2.5. IoT-Enabled Monitoring of Light Intensity and Smart Agricultural Management
The IoT in agriculture has gained relevance in recent years. It allows the real-time collection, transmission, and analysis of data, enabling smart agricultural management. Several studies have focused on integrating light-intensity sensors and other variables, harnessing cloud platforms, machine learning algorithms, and intelligent traceability techniques to autonomously and efficiently enhance cultivation processes, irrigation, pest control, and resource management.
In [
39], the BH1750 sensor was employed in an IoT system that transmitted data through ThingSpeak and enabled smartphone visualization, optimizing environmental conditions to enhance production in greenhouses. Similarly, an IoT-based agricultural monitoring system developed by [
40] employed the BH1750 sensor to measure light intensity, enhancing crop production by optimizing lighting conditions in real-time.
The authors of [
41] proposed a cloud-based intelligent system for interactive agricultural management.

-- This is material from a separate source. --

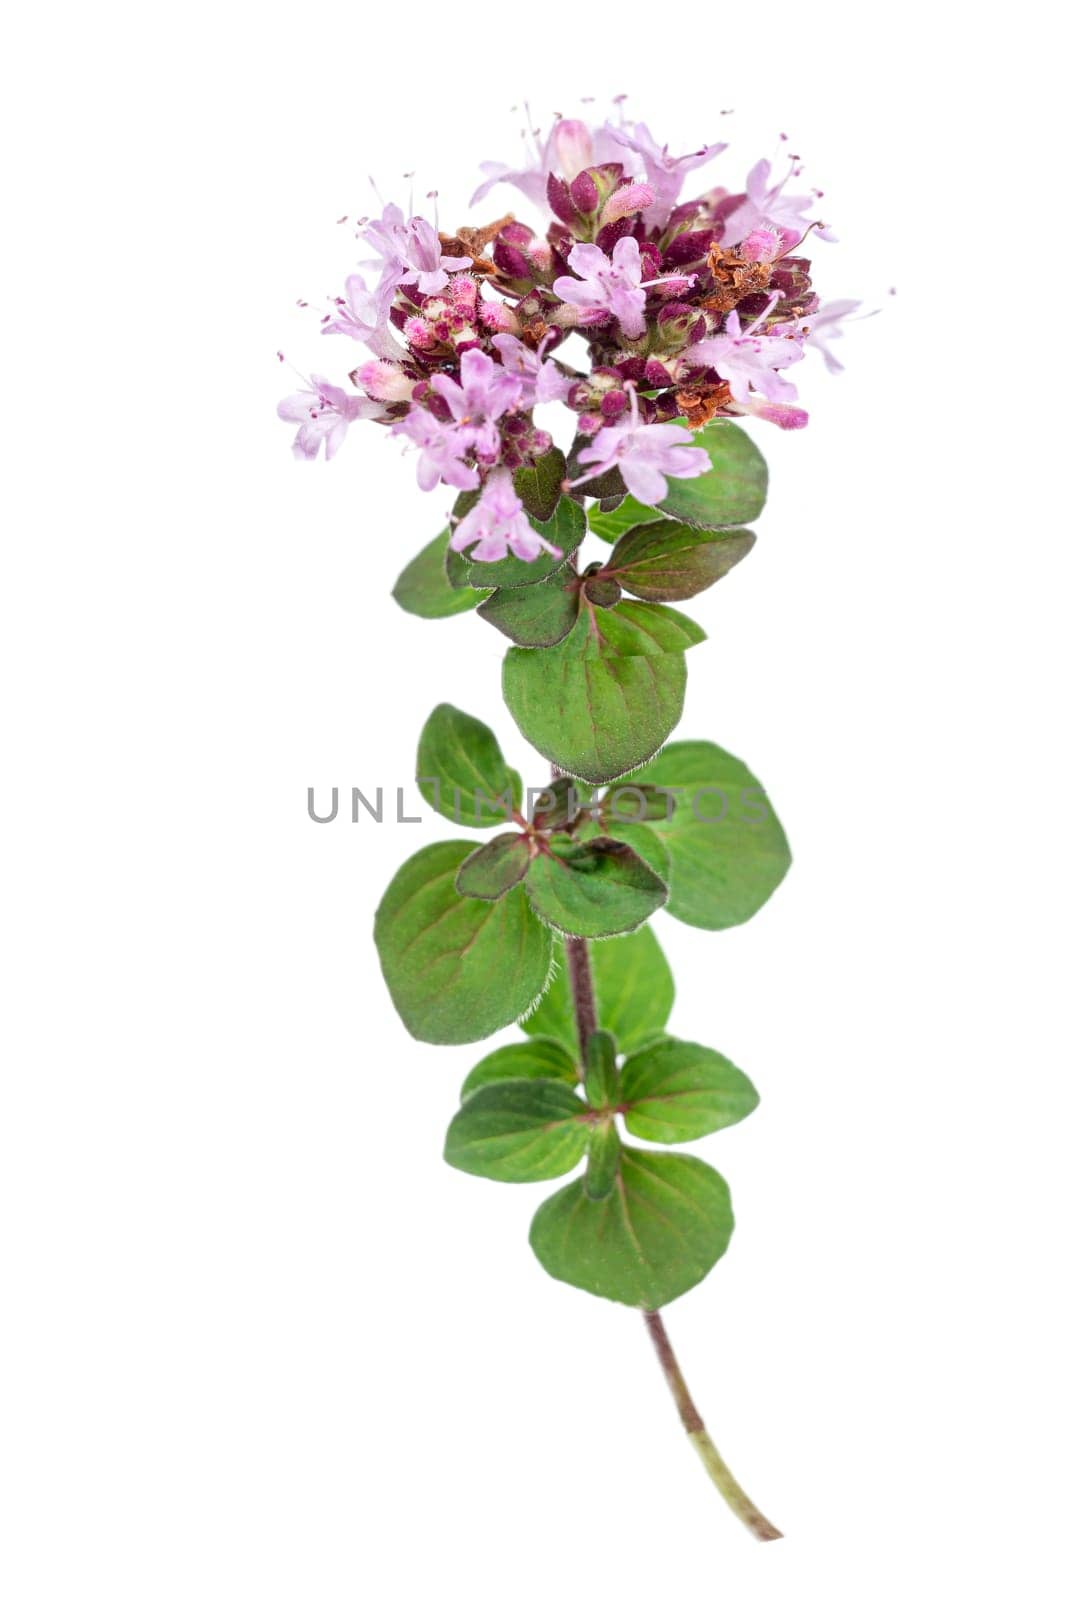 Oregano or marjoram leaves isolated on white background cutout by JPC-PROD
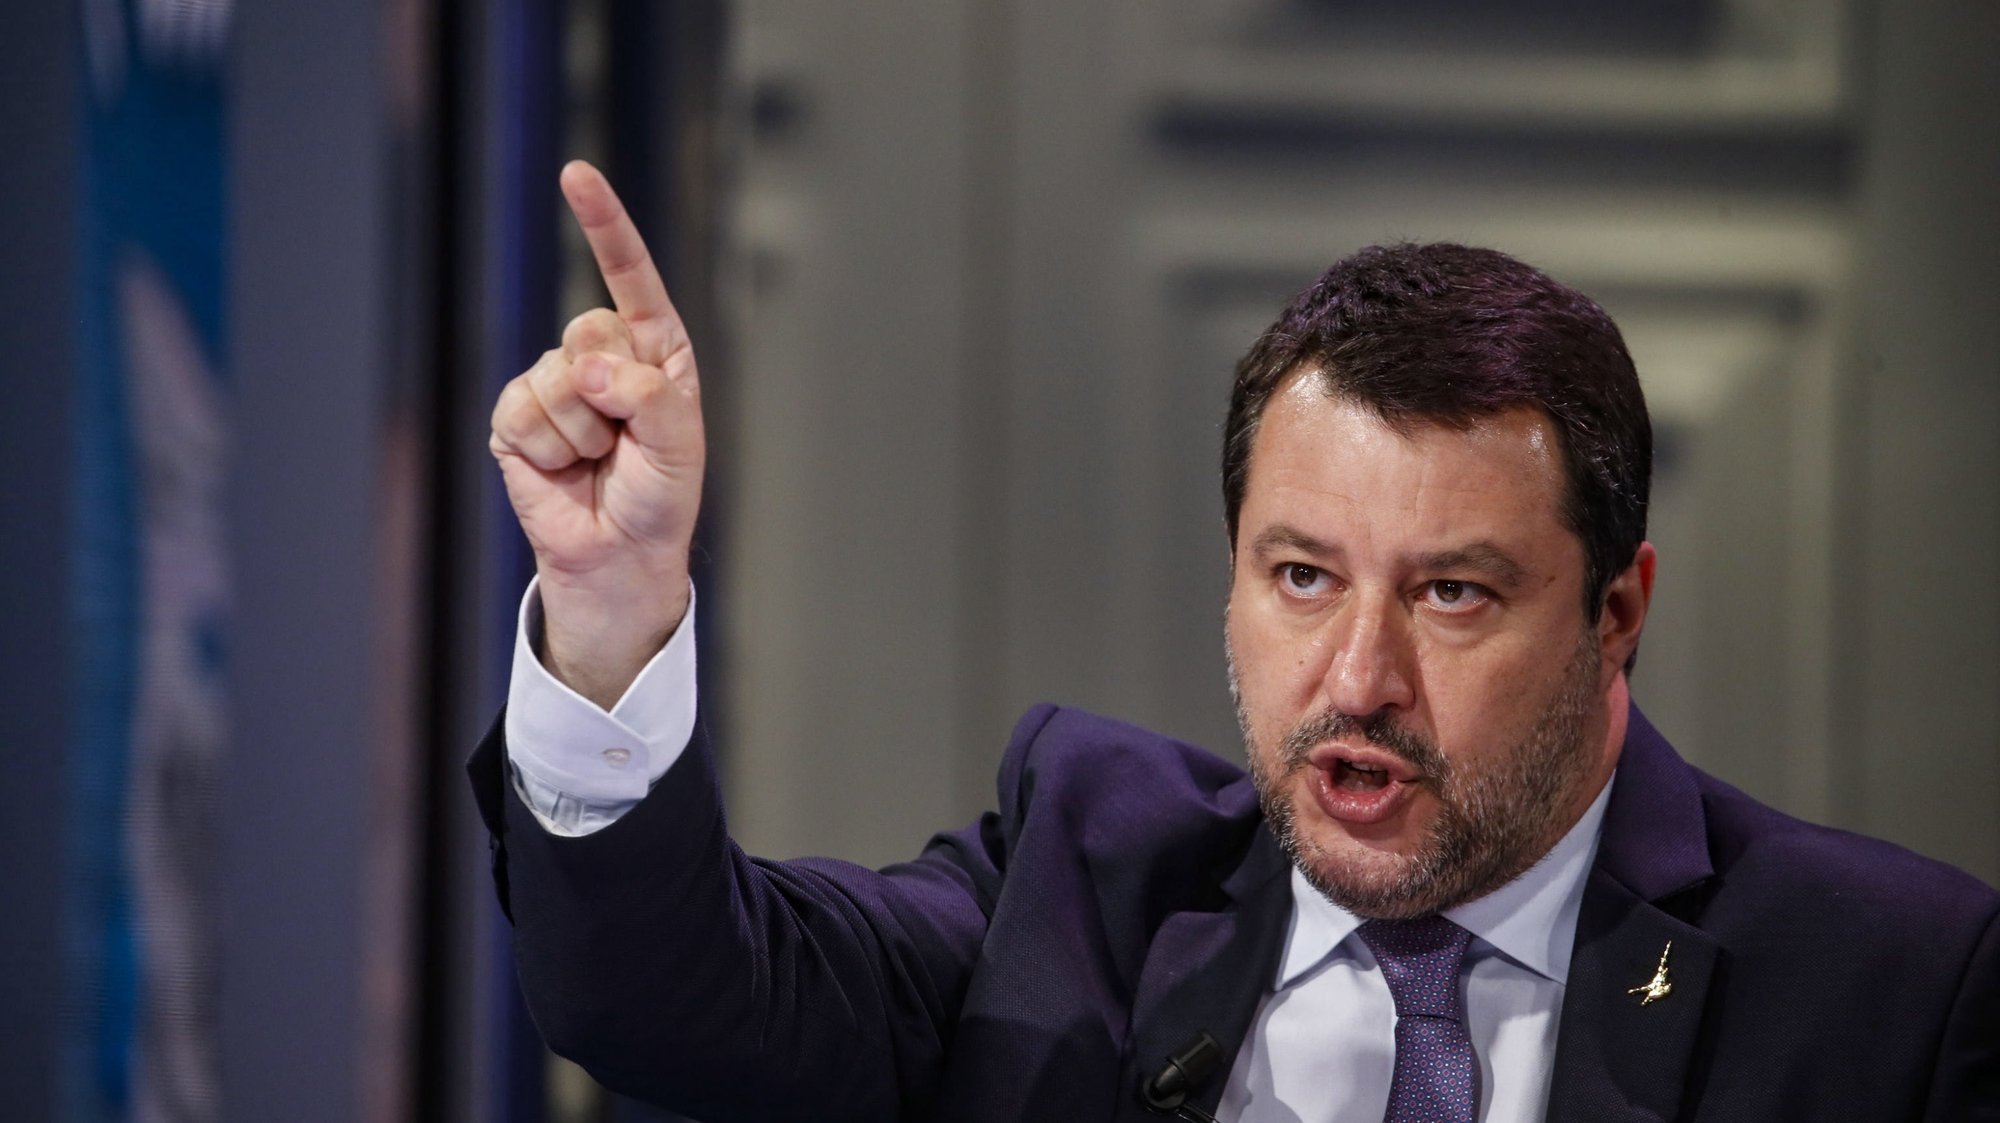 epa09135403 League party leader Matteo Salvini during the broadcast of TV talk show &#039;Porta a Porta&#039;, in Rome, Italy, 14 April 2021. Salvini said his party was demanding from the government to reopen restaurants.  EPA/FABIO FRUSTACI

This system collects data from multiple IoT sensors, processes it in the cloud, and dynamically visualizes it through interactive dashboards. Integrating such systems enhances operational efficiency and facilitates data-driven decision-making to identify real-time patterns and anomalies.
In [
42], a smart agriculture system based on deep reinforcement learning (DRL) and cloud computing was developed. The system comprises multiple layers: data collection, edge processing, transmission, and cloud-based analysis. Artificial intelligence is applied to optimize decisions such as the amount of water needed for irrigation, autonomously improving crop growth.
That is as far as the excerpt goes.